L’OPERAZIONE vede i due, colti in flagranza di reato in un incontro clandestino per la cessione di «documentazione classificata» in cambio di denaro, accusati di gravi reati relativi allo spionaggio e alla sicurezza dello Stato. Ovviamente dura la reazione delle autorità italiane, con il ministro degli Esteri Luigi Di Maio che, in audizione davanti alle commissioni Esteri riunite di Camera e Senato, ha parlato di «un atto ostile di estrema gravità».

«Abbiamo subito assunto tutti i provvedimenti necessari», ha aggiunto, dopo la convocazione ieri mattina alla Farnesina dell’ambasciatore russo Sergej Razov, a cui è stata trasmessa «la ferma protesta del governo italiano» e notificata «l’immediata espulsione dei due funzionari russi coinvolti nella vicenda».

«Con la Russia, così come con la Cina, l’Italia continuerà ad agire in prima linea con la propria collocazione geopolitica e i suoi valori, ma anche a promuovere e salvaguardare i nostri interessi fondamentali, che richiedono di mantenere un’interlocuzione critica ma allo stesso tempo costruttiva», ha concluso però il ministro.

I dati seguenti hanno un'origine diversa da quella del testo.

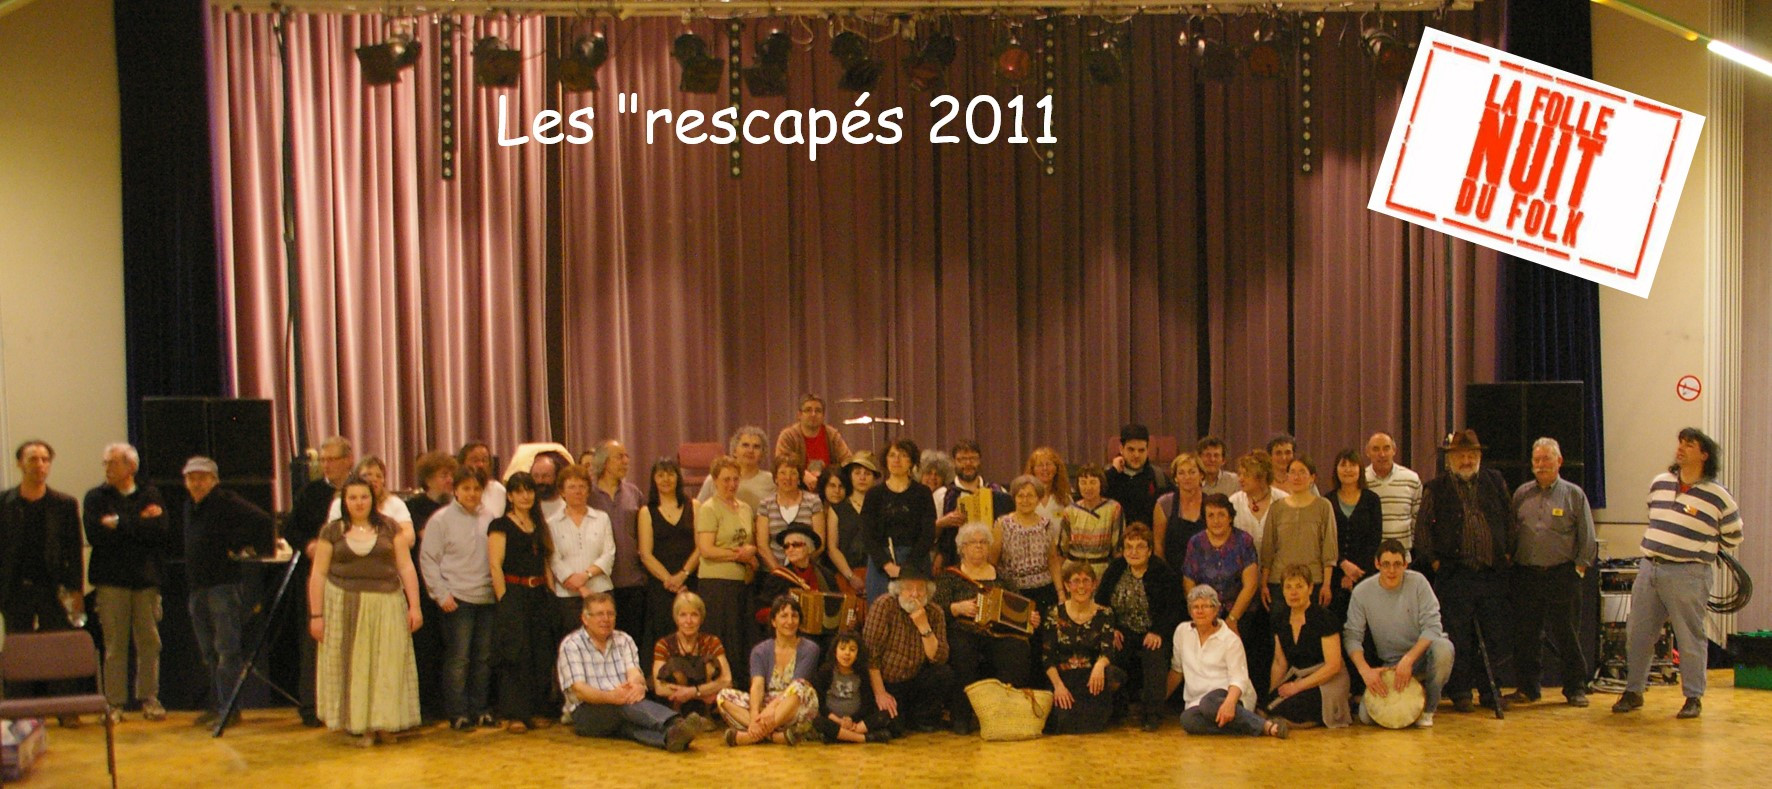 Rescapés Folle Nuit du Folk 2011
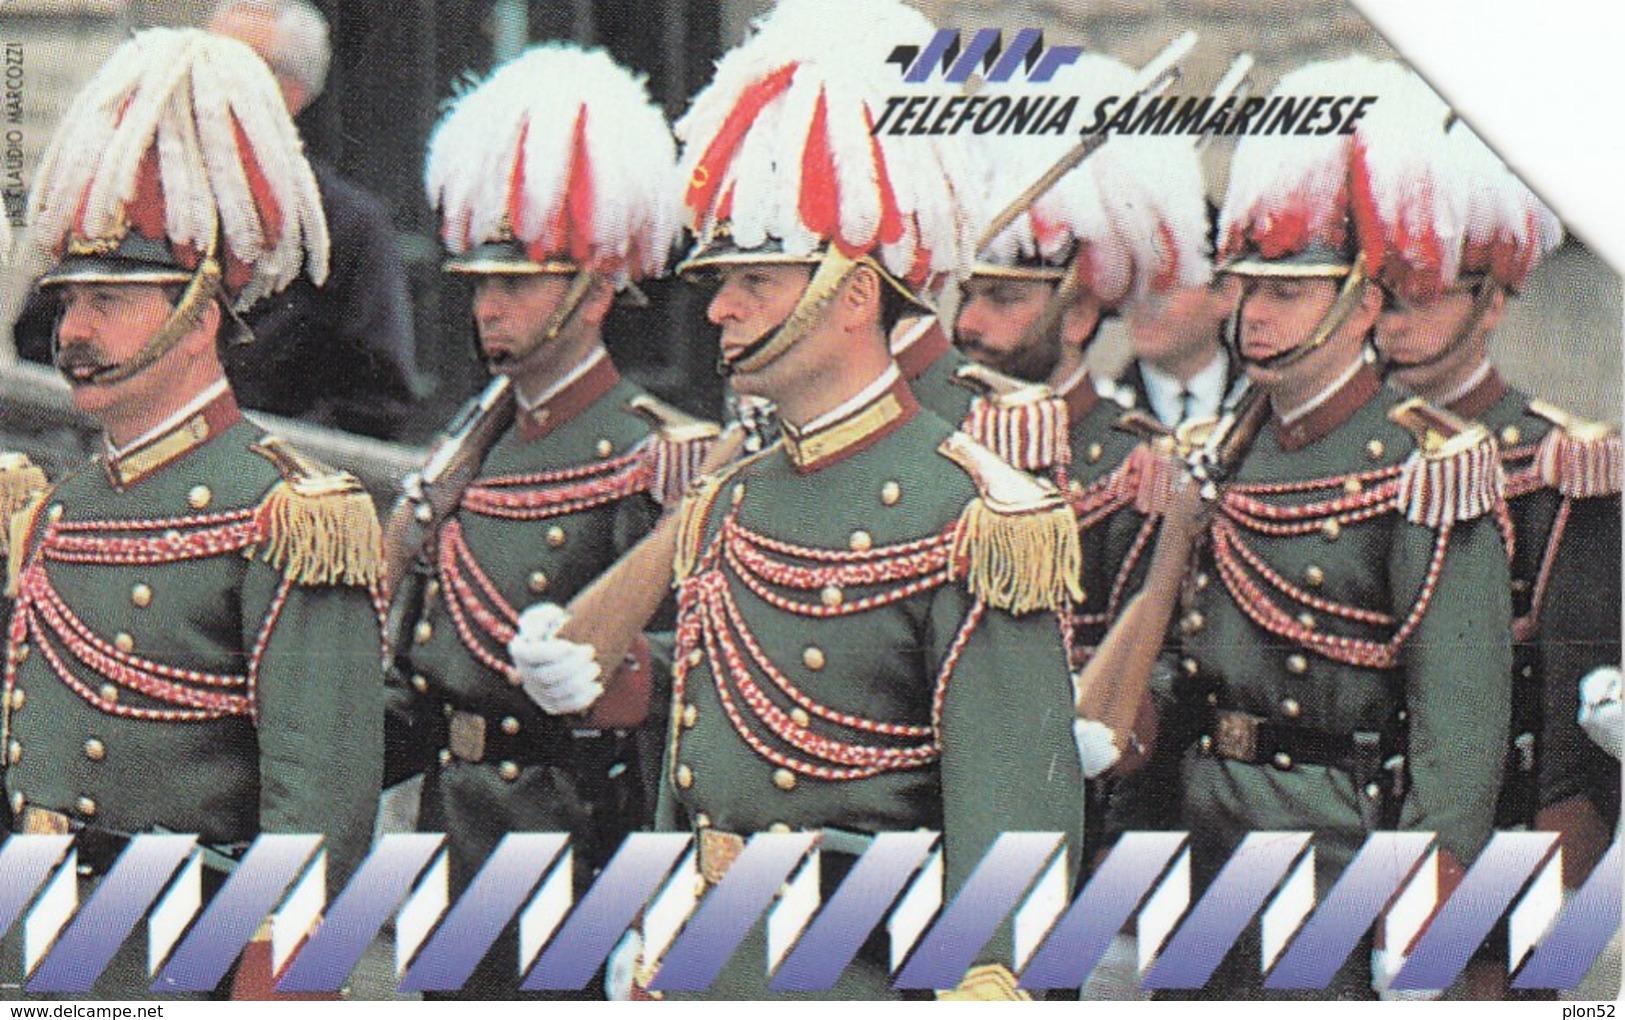 11930 - SCHEDA TELEFONICA DA L.18000 -1994 - S.MARINO - USATA - San Marino

Altrettanto veementi le reazioni delle forze politiche in Parlamento, con alcuni esponenti dell’opposizione che hanno chiesto al presidente del Consiglio Mario Draghi di riferire in Parlamento sulla vicenda. Il sottosegretario alla Difesa, Giorgio Mulè, ha ribadito l’importanza di «tenere alta la guardia di fronte a tentativi di spionaggio pericolosi per la sicurezza nazionale e atlantica», aggiungendo però che occorrerà lavorare su un «doppio binario» nei rapporti con Mosca: della «deterrenza da una parte e del dialogo dall’altra».

Sulla vicenda è intervenuto anche il presidente della commissione Esteri della Camera dei deputati, Piero Fassino, affermando che l’arresto «non è frutto di spiomania» e che azioni del genere «indeboliscono quella fiducia indispensabile a qualsiasi forma di cooperazione internazionale».

Molto più laconica, invece, la risposta delle autorità russe. Nel suo briefing quotidiano con la stampa il portavoce del Cremlino, Dmitrij Peskov, si è limitato a dire che Mosca «si aspetta di mantenere il carattere positivo delle relazioni attualmente in corso con l’Italia».

Altrettanto secche le dichiarazioni dell’ambasciatore Razov e del ministero degli Esteri russo, che hanno espresso «rammarico» per la decisione italiana di espellere i due funzionari. «Stiamo chiarendo le circostanze della situazione, e annunceremo i nostri possibili passi in relazione a questa misura che, tuttavia, non corrisponde al livello delle relazioni bilaterali», ha scritto il dicastero russo.

UN EPISODIO GRAVE, che acuisce ulteriormente le già elevatissime tensioni tra la Russia e l’Unione europea. Un contesto in cui si inserisce forte anche la Nato, poco dopo l’avvio dell’esercitazione Defender-Europe 2021 che da marzo fino a giugno impegnerà in Europa 28 mila soldati provenienti da 27 diversi Paesi. Manovre colossali che l’Alleanza atlantica organizza su base annuale, e che nel 2021 vedrà operazioni quasi simultanee in oltre 30 aree di 12 Paesi tra cui l’Italia.

Esercitazioni che arrivano in un momento molto difficile non solo a causa della pandemia – che non ha impedito alla Nato di amplificare il programma rispetto al 2020 – ma anche nel quadro dei tentativi di allargamento nei Paesi balcanici e dell’Europa orientale, le cui autorità sono nella maggior parte dei casi fortemente contrarie all’influenza russa.

Lo stesso Di Maio, nella ministeriale Nato a Bruxelles dello scorso 23 e 24 marzo, ha accusato la Russia di «minare e destabilizzare i vicini con il suo comportamento aggressivo, tentando di interferire nella regione balcanica». Ma ogni Paese balcanico ormai è o membro o dentro l’ottica Nato, ad eccezione – ma nemmeno tanto – della Serbia.

NON È UN SEGRETO, del resto, che Balcani e Mar Nero siano aree a cui Usa e Nato guardano – con la strategia dell’allargamento a Est di basi e presenza militare – con molta attenzione: nel comunicato diffuso all’avvio delle esercitazioni si legge che le manovre «dimostrano la capacità degli Stati Uniti di essere partner strategico per la sicurezza delle regioni dei Balcani e del Mar Nero, mentre sosteniamo le nostre capacità nel Nord Europa, nel Caucaso, in Ucraina e in Africa». Area, quest’ultima, in cui i russi stanno spingendo molto la cooperazione bilaterale, nonostante la perdita di terreno in favore della Cina.